▶ The data
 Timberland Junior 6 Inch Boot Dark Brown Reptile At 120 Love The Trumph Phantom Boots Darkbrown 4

* * *

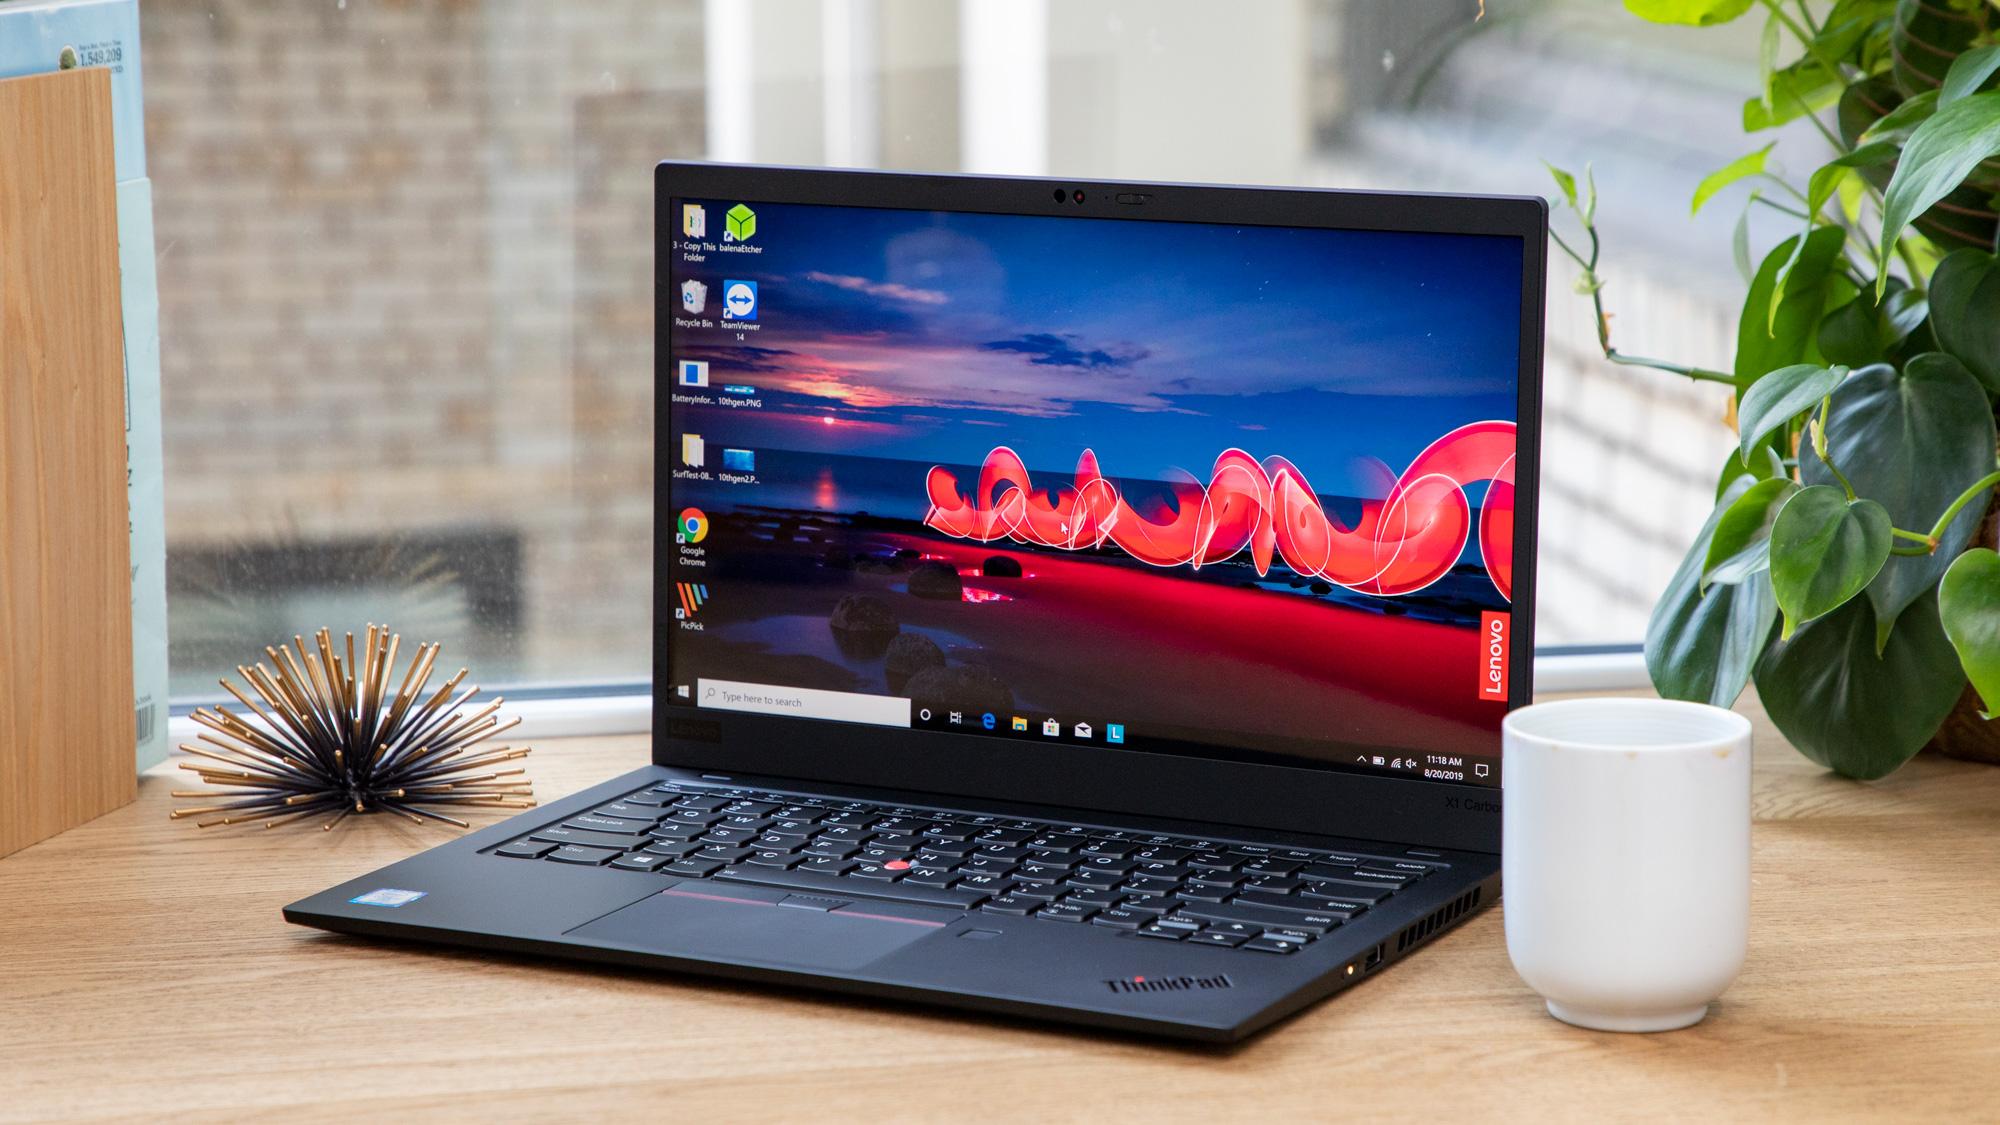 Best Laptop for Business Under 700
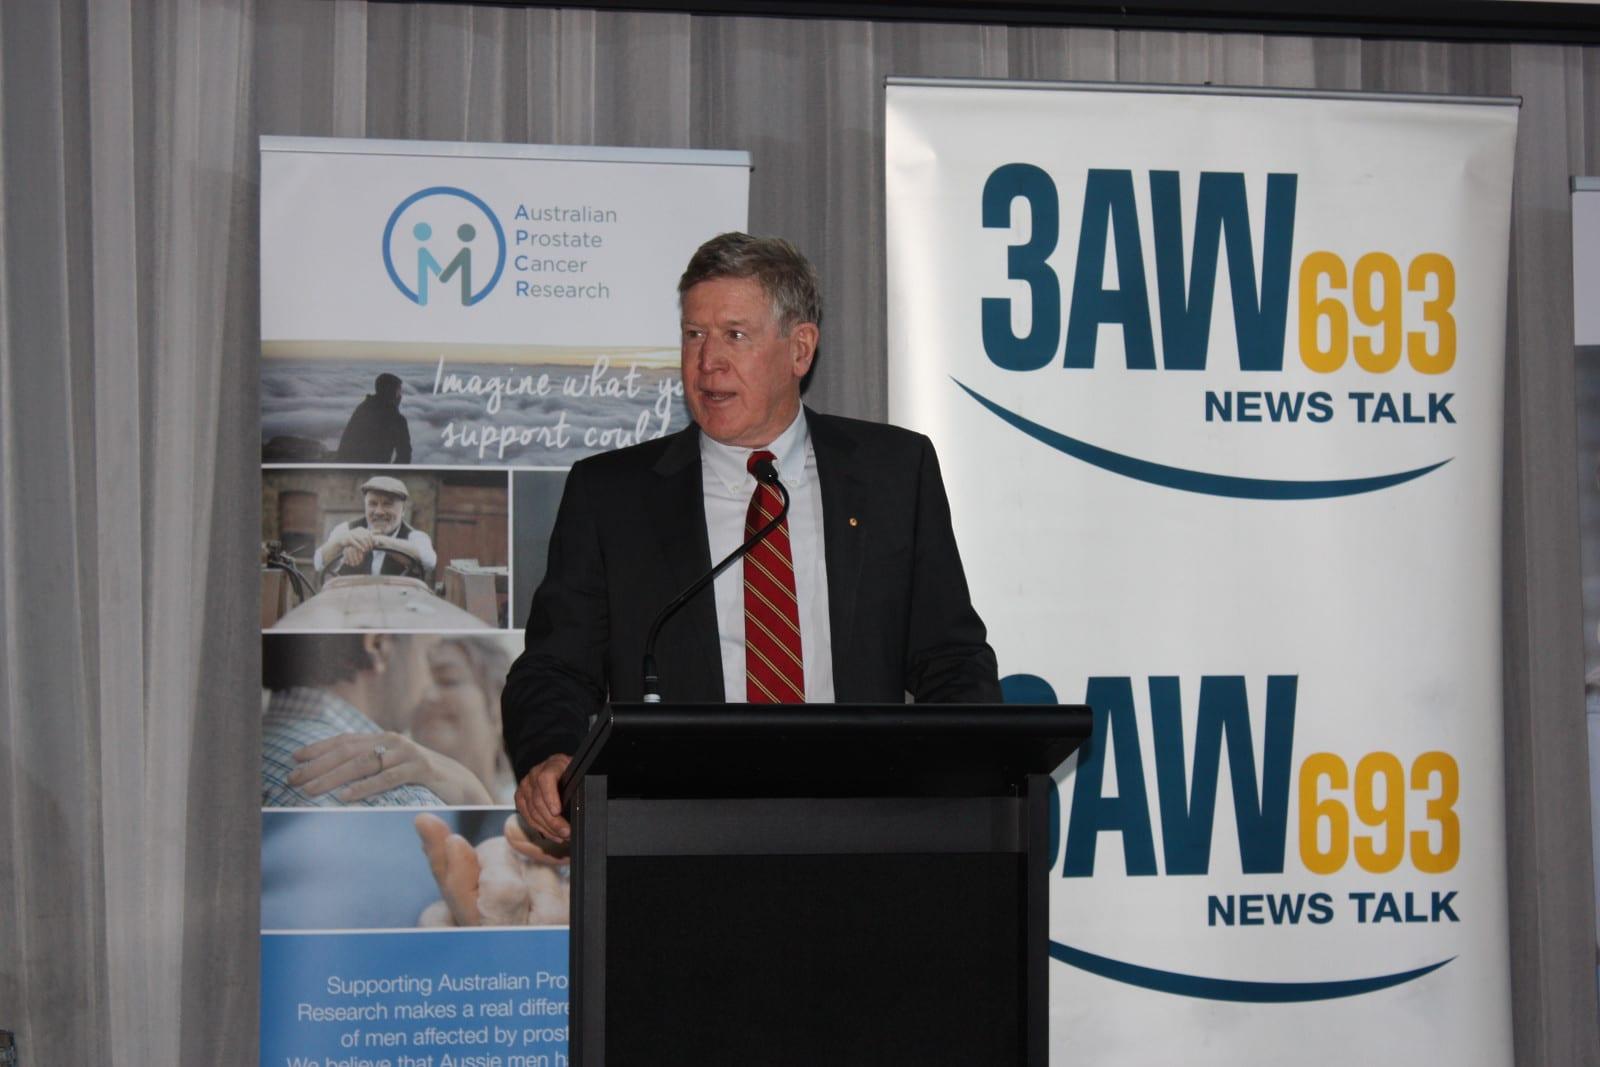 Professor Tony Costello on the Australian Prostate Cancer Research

* * *

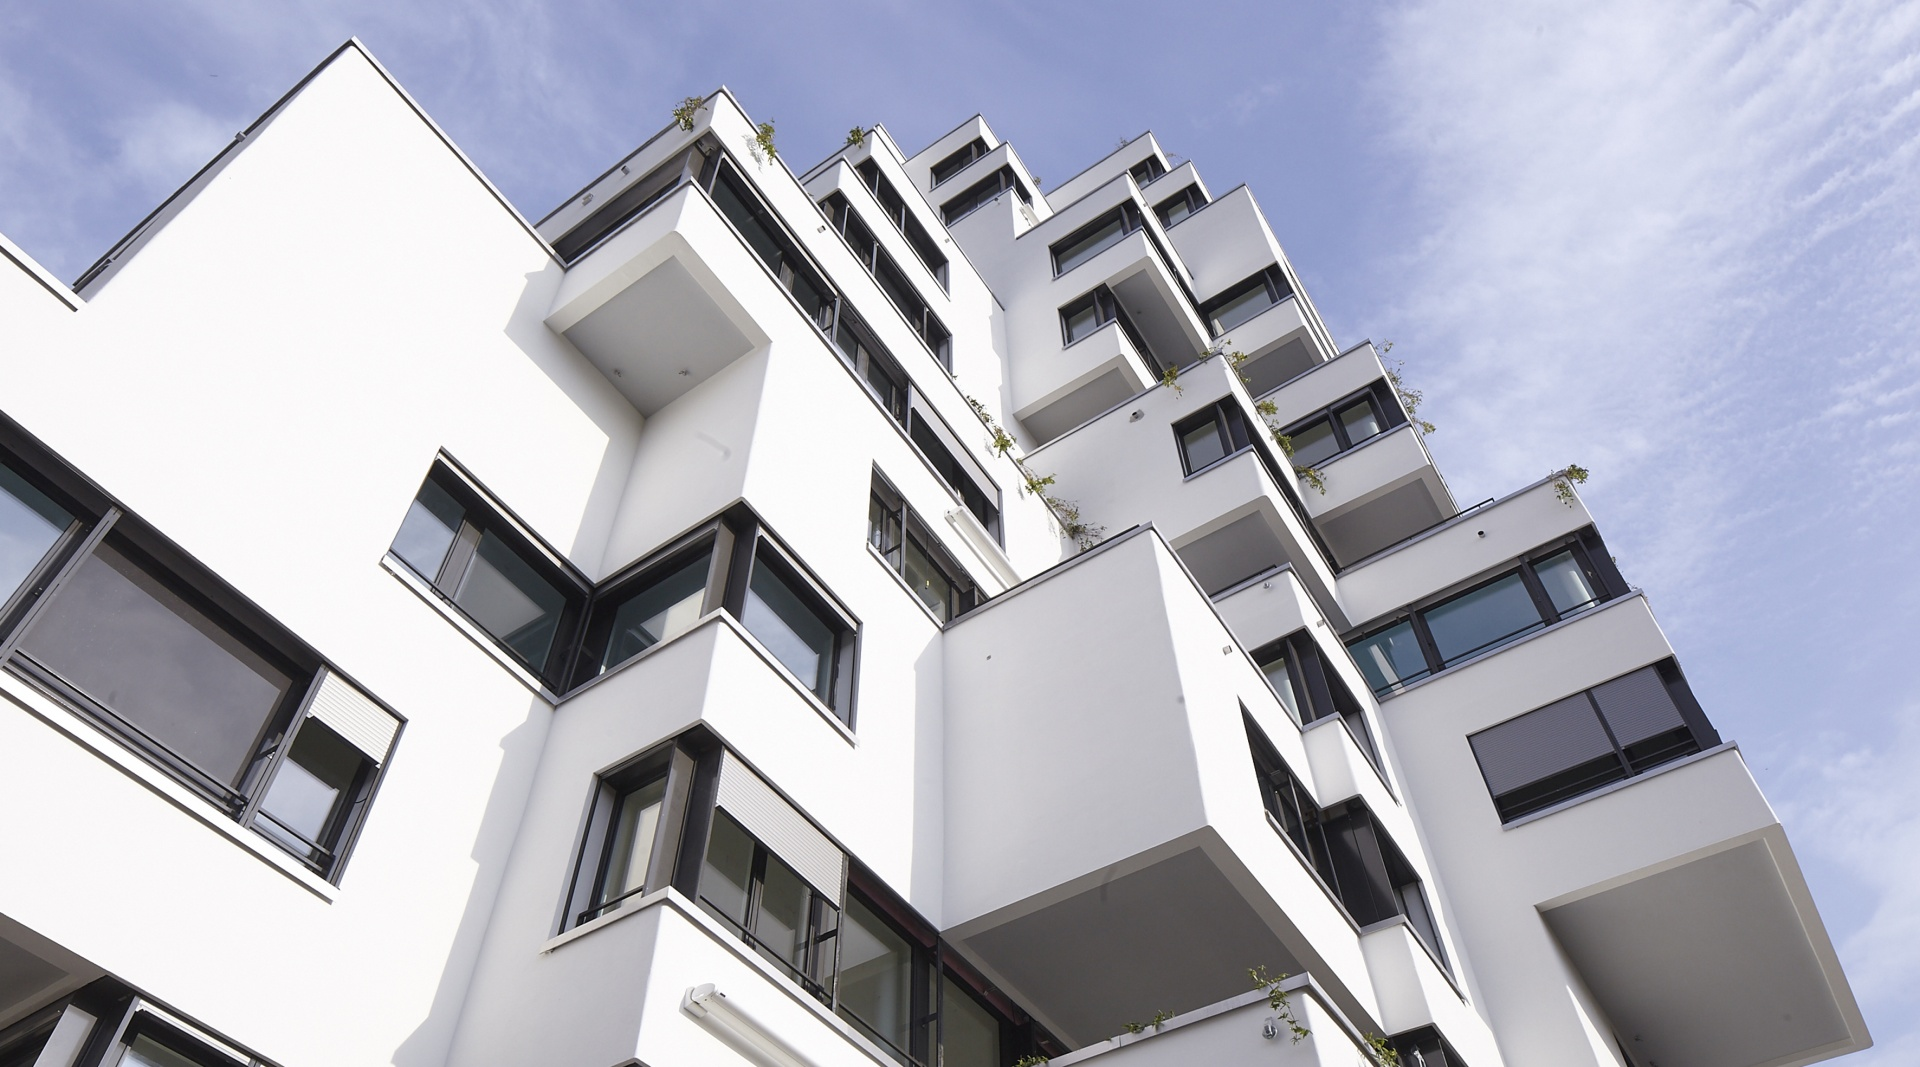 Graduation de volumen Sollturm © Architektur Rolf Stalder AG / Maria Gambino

▶ Work to be completed
Starting from the line with "Best Laptop for Business Under 700" in the records above, repeat each line exactly until you have written the line with "Professor Tony Costello", then stop; drop the pictures.

▶ Solution for this exercise
 Best Laptop for Business Under 700
 Professor Tony Costello on the Australian Prostate Cancer Research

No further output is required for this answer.